With the government shutdown having ended after more than two weeks of nonstop finger-pointing from both sides of the aisle in DC, let us not forget those who have served this country for ideals they believe in — and the effect that this mess made on their livelihoods in such a short amount of time.
And of course it could all happen again in January, when the deal reached by the president and Congress expires.
During the shutdown, a majority of our veterans within Queens and the rest of the city as well as nationwide feared they would not have received their much-needed benefits such as Veterans Affairs disability compensation, education assistance and the medical services of the VA centers throughout the city and country, just to name a few of the services offered to help sustain their unique living conditions.
As the shutdown continued, vital VA employees including veterans worried about being sent home without pay or having to work on an “I owe you” from the government.
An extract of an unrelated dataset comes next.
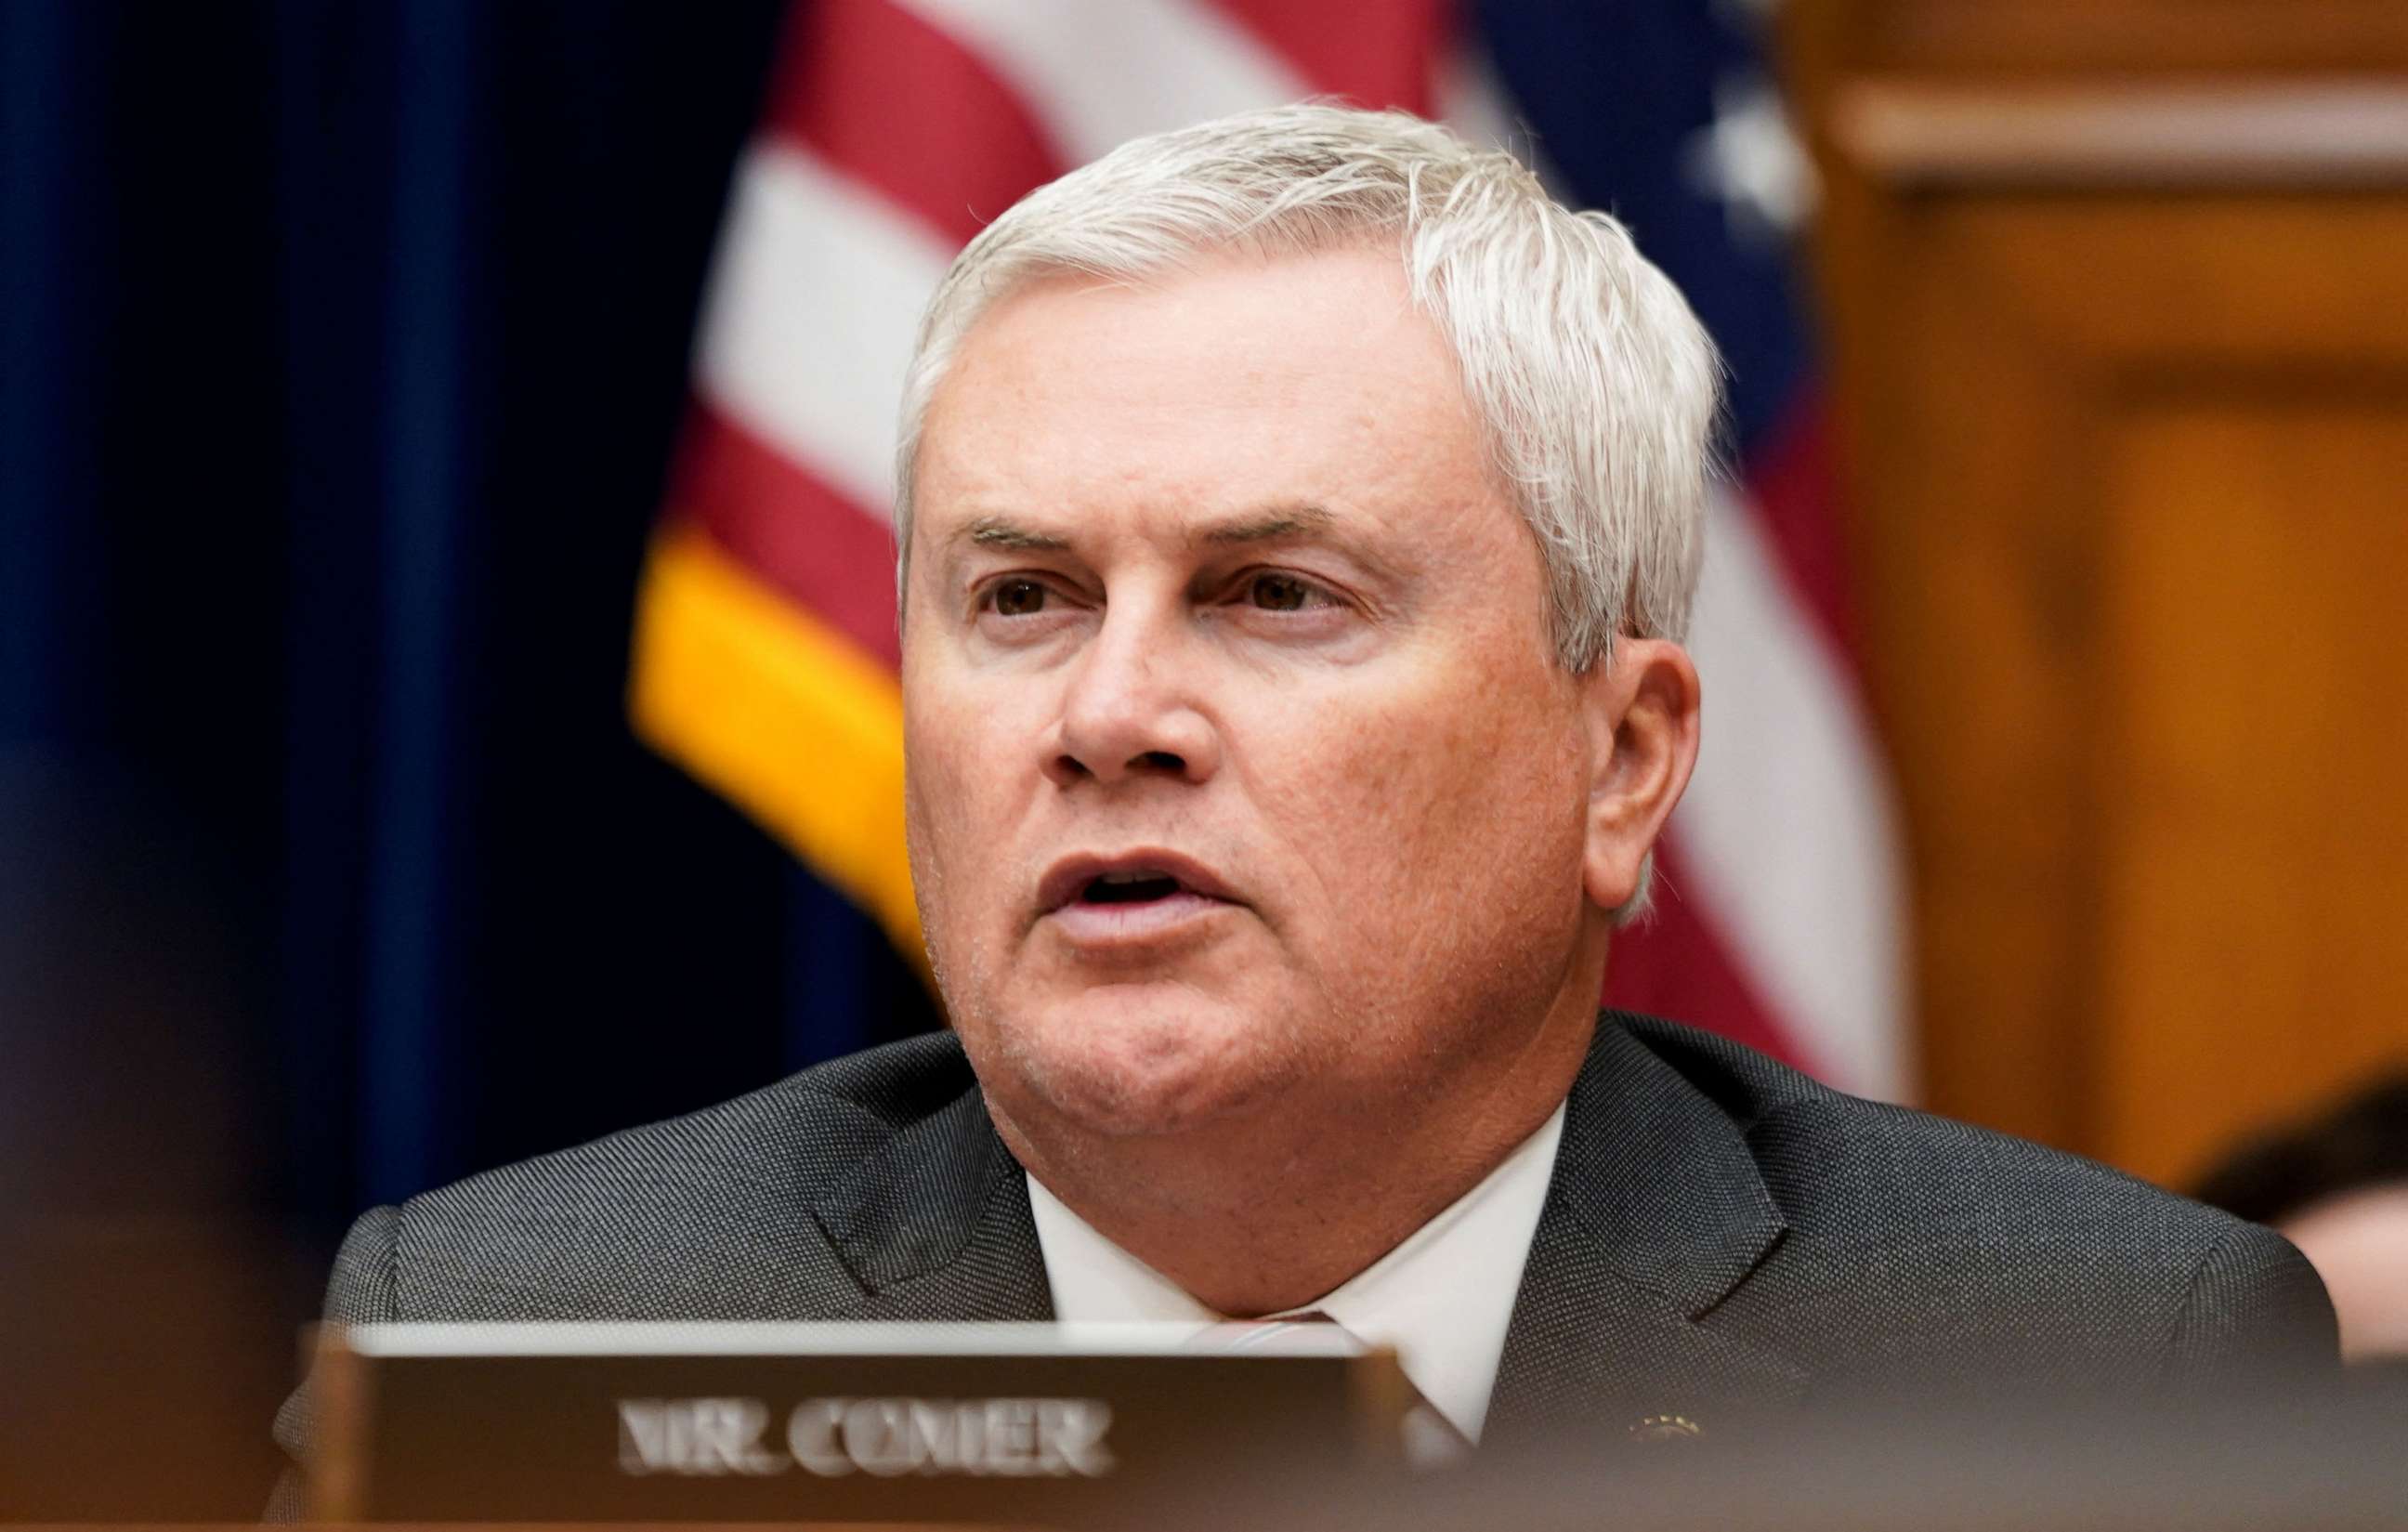 PHOTO: Rep. James Comer attends a hearing of the House Select Subcommittee on the Coronavirus Pandemic about the effect of the coronavirus disease (COVID-19) pandemic on students and schools, April 26, 2023.

With less than 100 percent manpower the VA would not have been able to operate at full capacity, and it’s already struggling to medically service our veteran population on an efficient and timely basis — especially since we are currently moving into the 12th year of operations in Afghanistan. There is an increasing and constant flow of veterans coming home from this conflict. Also, let us not forget our warriors who fought in the Persian Gulf, Vietnam, Korea and World War II, who also patronize these facilities.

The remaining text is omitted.